Add a traceback-reading checklist to the debugging skill. Exact change: patch the systematic-debugging skill with a “Stack trace pass” section requiring the agent to identify the first failing frame in owned code, the external boundary, the exception type, the exact failing input shape, and the smallest reproducible command before proposing a fix.
Create a public-safe error triage habit for cron and automation failures. Exact change: update the Optimizer Agent cron review prompt with: “When a job reports an exception, summarize only the error class, failing subsystem, likely boundary, and recommended verification step; never include raw logs, secrets, tokens, private chat content, or full stack traces in public-facing output.”
Add a verification step before applying traceback-driven fixes.
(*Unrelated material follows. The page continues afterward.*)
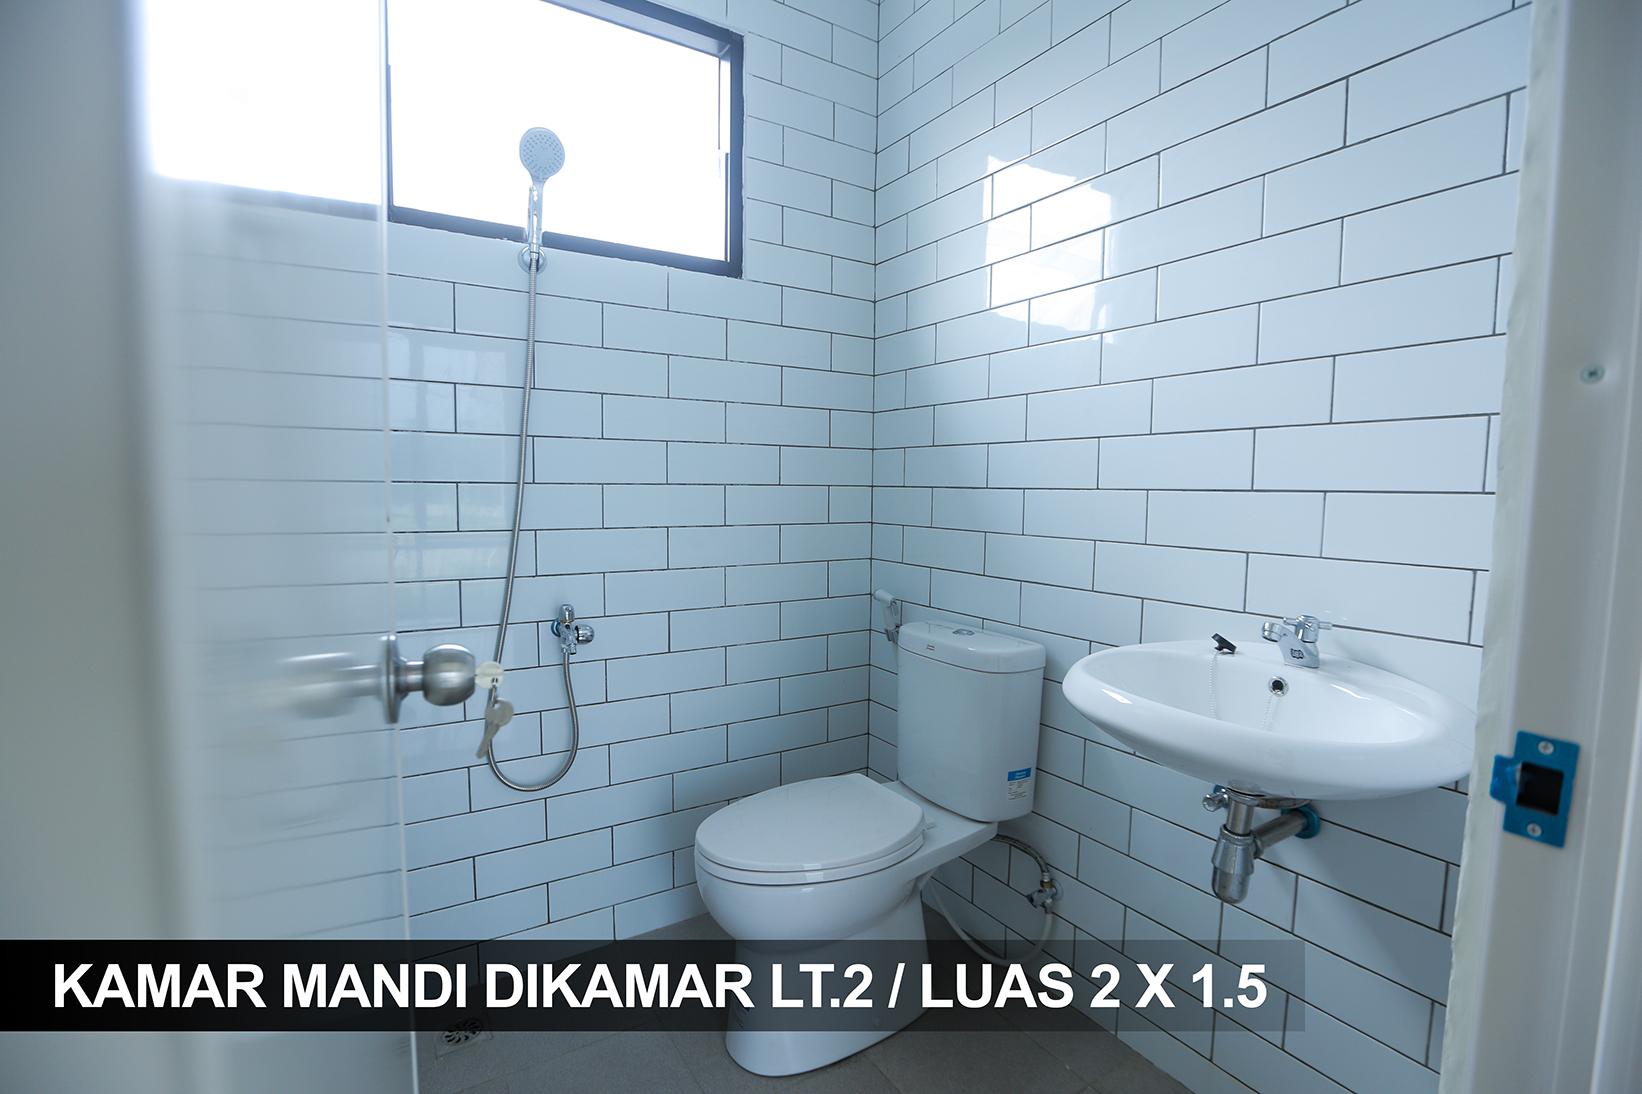 KAMAR MANDI DIKAMAR LT.2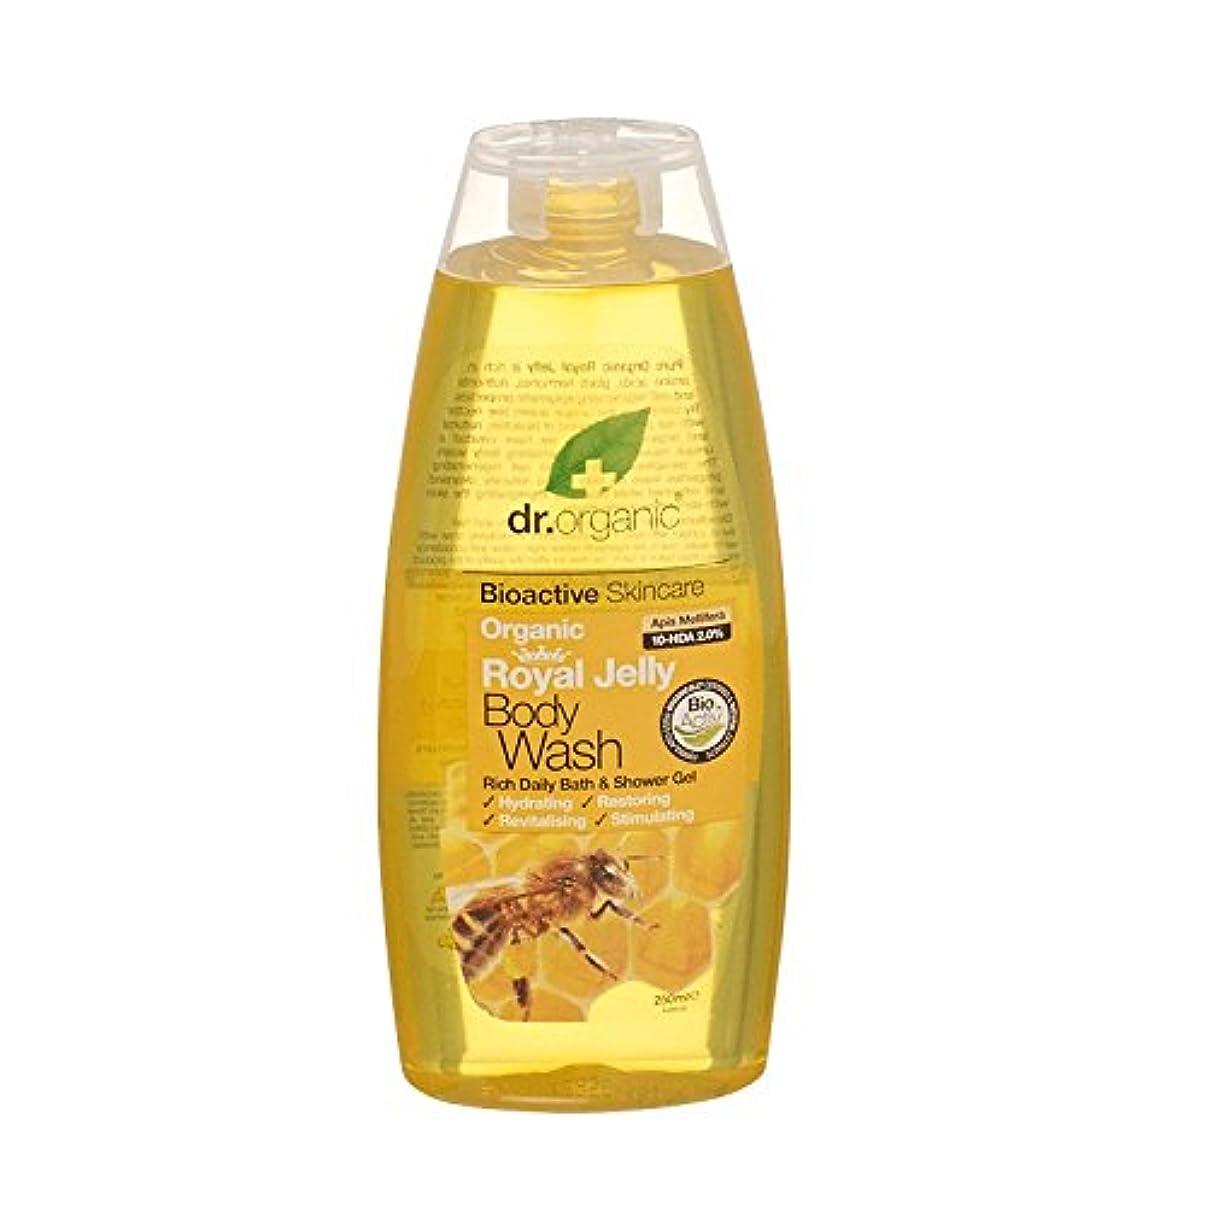 暴徒征服五月Dr Organic Royal Jelly Body Wash (Pack of 6) - Dr有機ローヤルゼリーボディウォッシュ (x6) [並行輸入品]

Exact change: add a line to SOUL.md or the debugging runbook: “Before editing code or config from a traceback, state the root-cause hypothesis, the frame or subsystem that supports it, and the command, test, or tool call that will verify the fix.”

Impact

This makes debugging faster because exceptions become structured evidence instead of noise. It reduces risky speculative edits, especially in Hermes installations where failures can cross model providers, tool wrappers, cron sessions, gateway delivery, and local scripts. It also improves public documentation quality: the operational lesson can be shared without exposing raw traces or sensitive runtime context.

Effort

Small — the change is a debugging checklist, a cron prompt hygiene line, and a verification habit. No new infrastructure is required, but agents must consistently pause long enough to read the traceback in order.

Public page note

Safe public content includes the maturity principle, generic traceback-reading workflow, error triage habits, and the benefit of root-cause verification. Internal-only content includes raw stack traces, logs, private prompts, chat excerpts, credentials, tokens, environment values, customer data, local filesystem paths, and exact exception payloads from live systems.